Many senators on both sides of the aisle who for years have unsuccessfully pushed legislation to strengthen background checks said they were encouraged by Trump’s seeming endorsement Wednesday, though they cautioned that the President has a pattern of backing a policy one day and walking back that stance a few days or hours later.

“President Trump was very, very supportive of our bill, the substance of it. He was encouraging us to move this,” Sen. Pat Toomey (R-PA) said of his background check bill, which failed in a dramatic vote in 2013 due to GOP opposition. “With [Trump’s] support, I think we can get it across the goal line.”

But despite the President lobbying hard, for the moment, for gun control measures, several Republican lawmakers say they remain unmoved, and will vote against the Toomey bill, a bill to raise the minimum age for buying guns, and any other measure that restricts firearm purchases.

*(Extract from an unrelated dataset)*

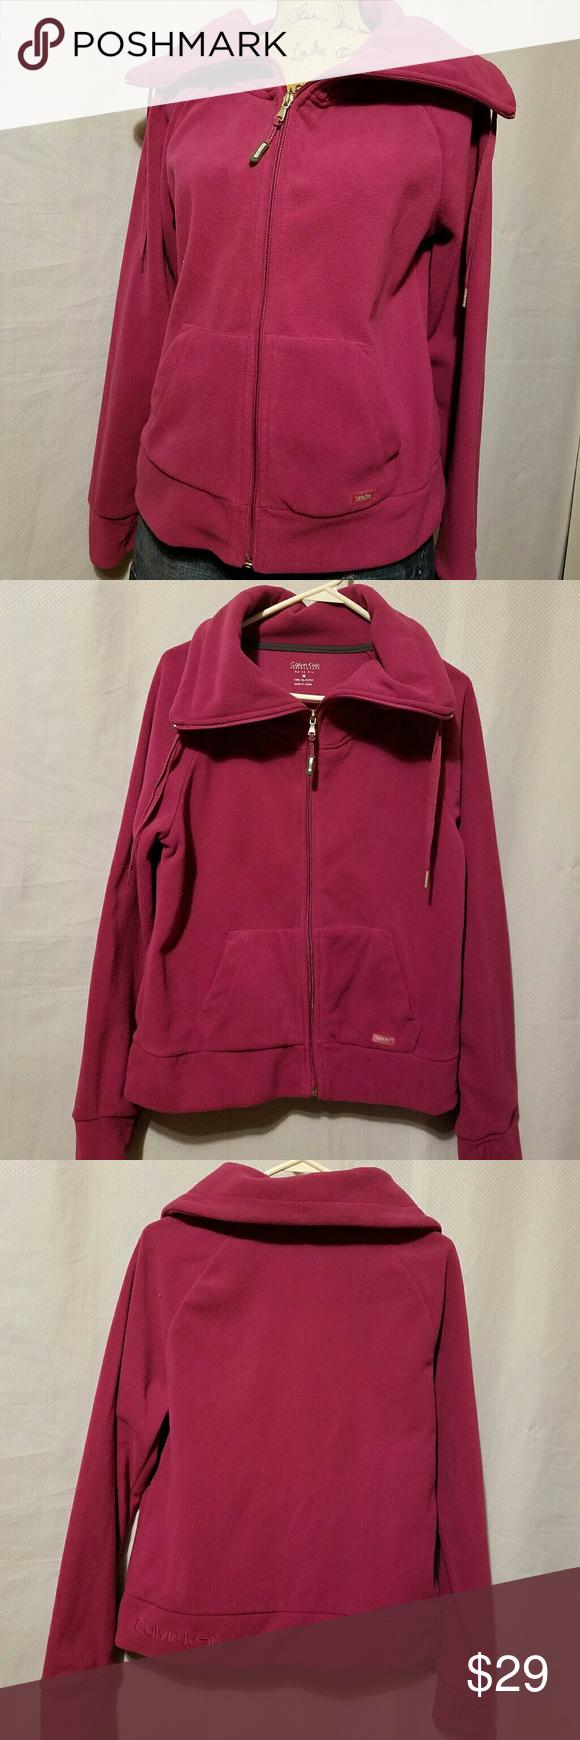 Calvin klein fleece jackets conditioning coats and customer support
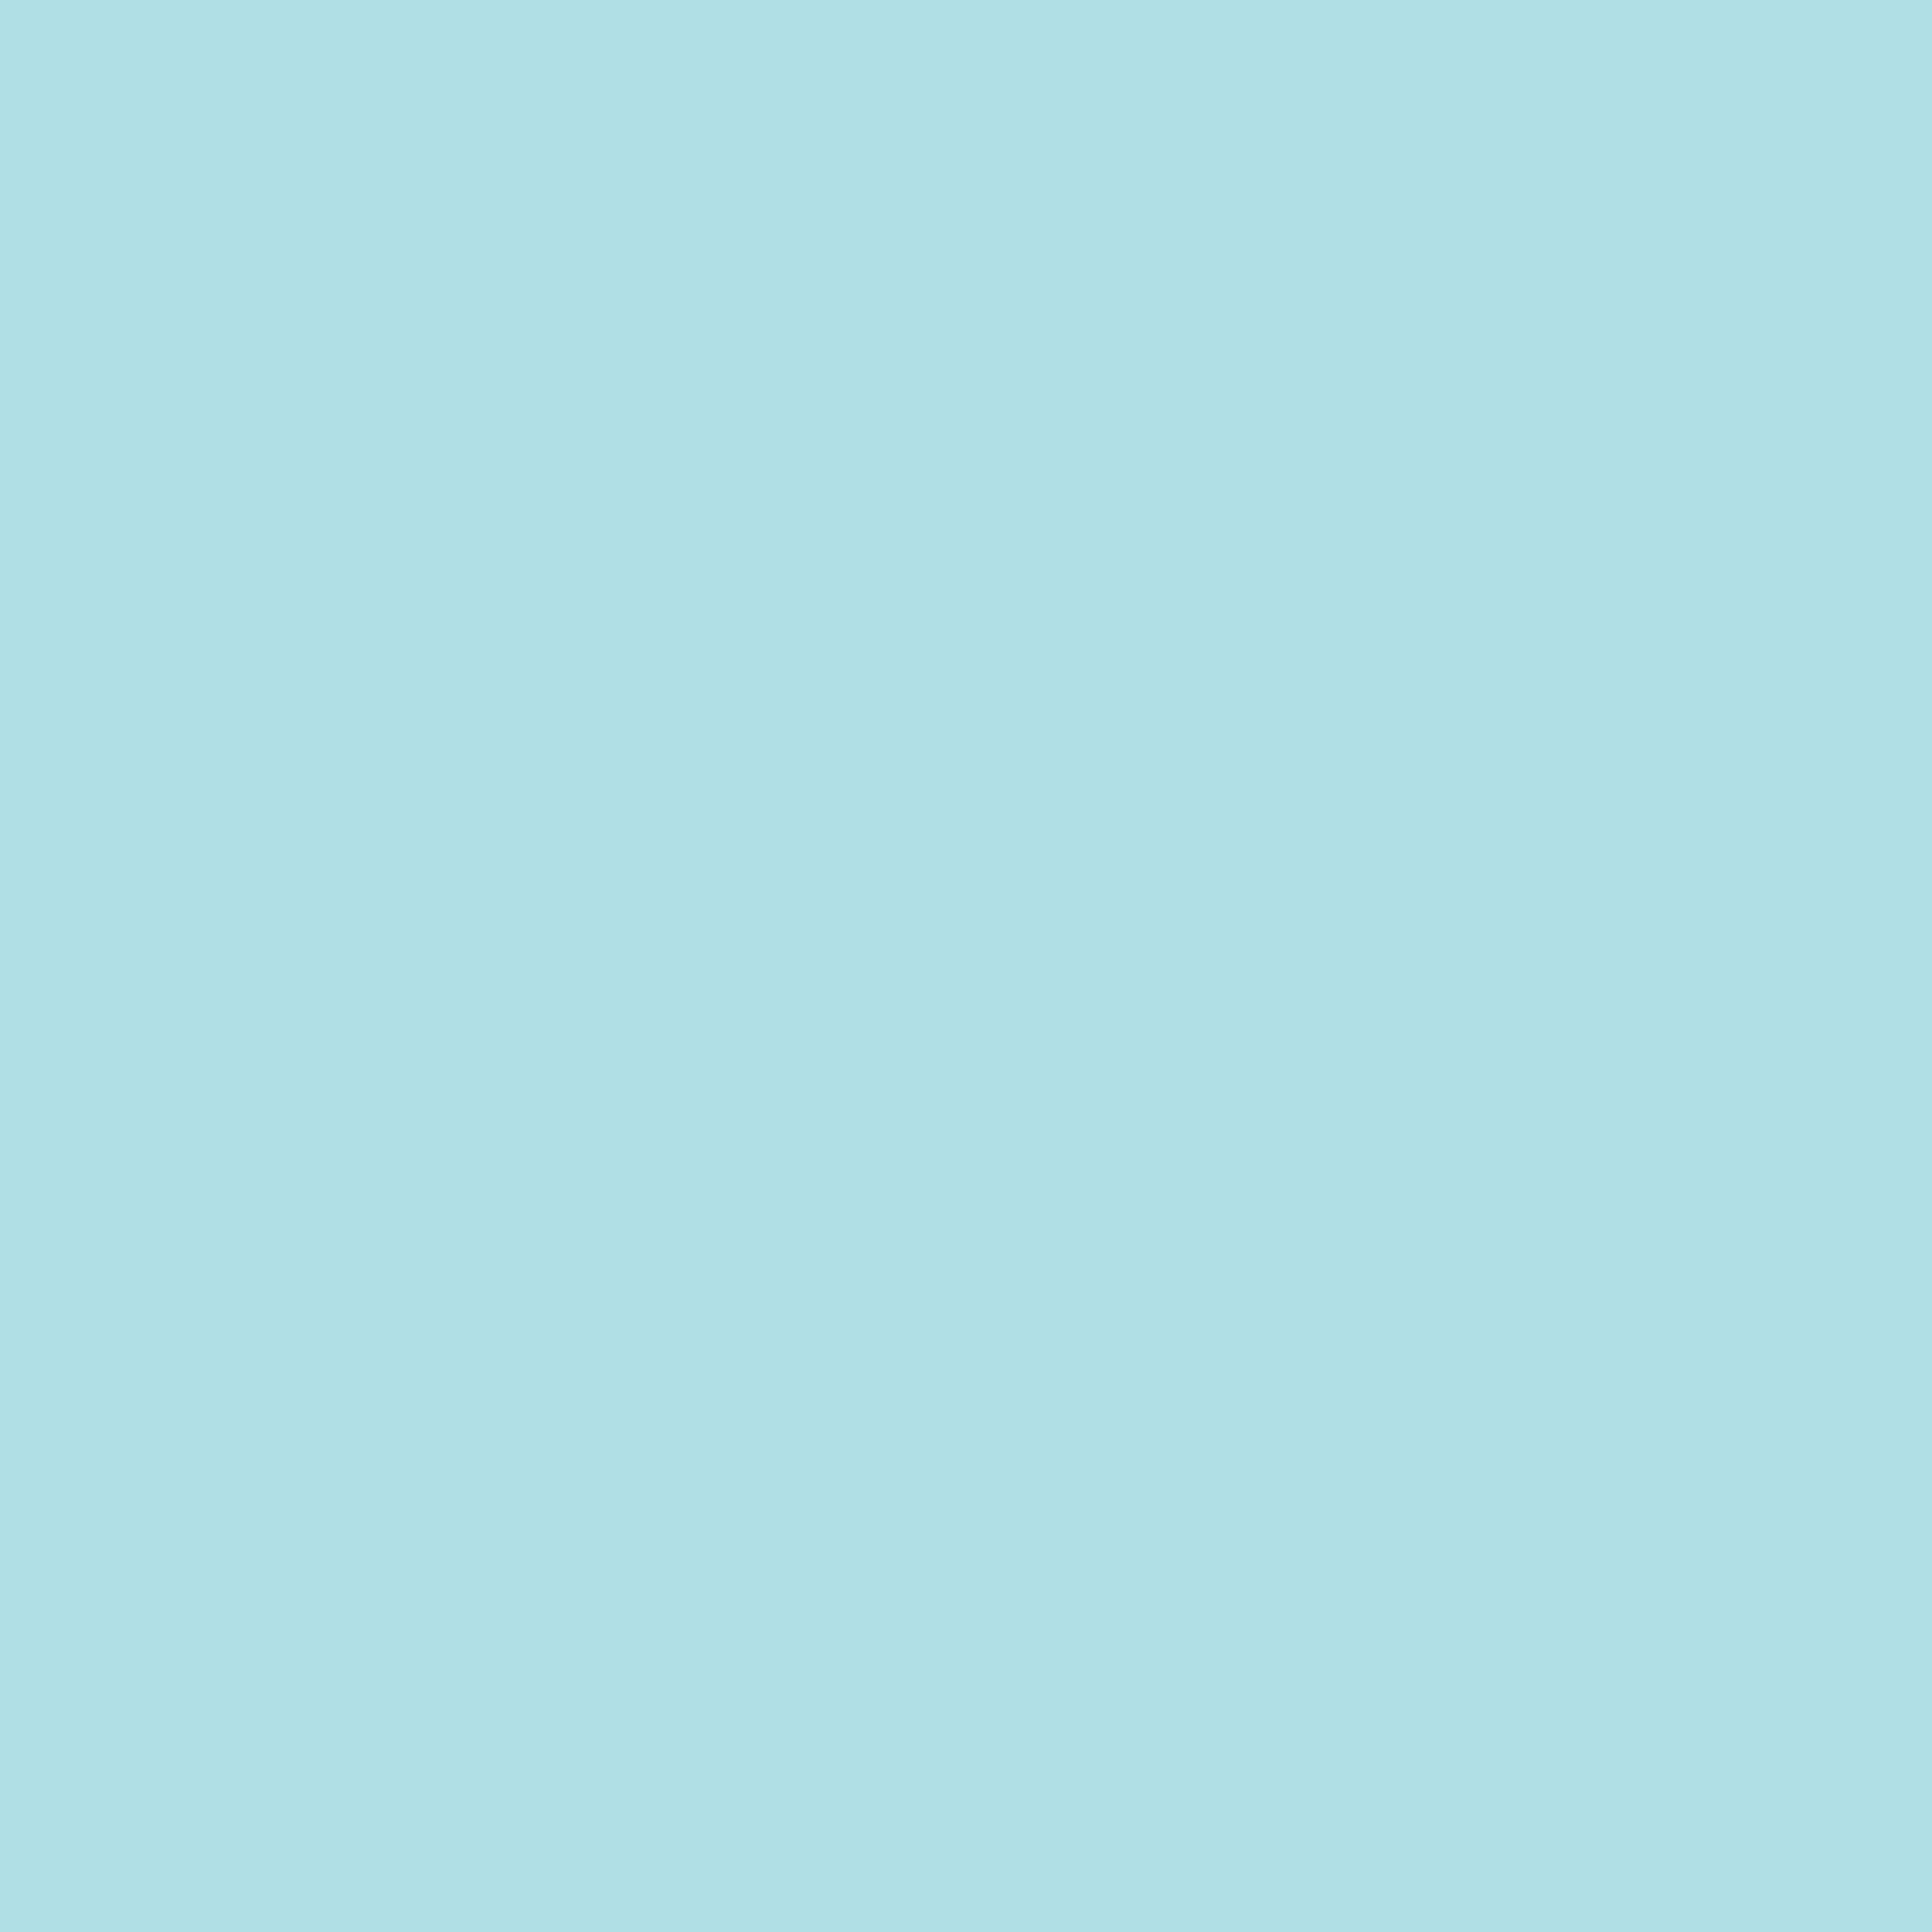 3600x3600 Powder Blue Web Solid Color Background

“The only thing worse than doing nothing is doing something that provides a false sense of security,” Daines told TPM. “I’m concerned that many of the ideas talked about in that meeting do not solve the problem of keeping kids safe in our schools.”

Sen. John Kennedy (R-LA) echoed Daines’ skepticism of Trump’s proposals that may soon come to the floor for a vote.

“I’m not going to join the bandwagon of feel-good legislation,” he said. “I don’t want to give people false hope, and I don’t want to kid them about what really happened in Florida, where there was a breakdown of the system. I honestly don’t believe we need more gun control. Criminals and bad people obey gun laws like politicians keep promises.”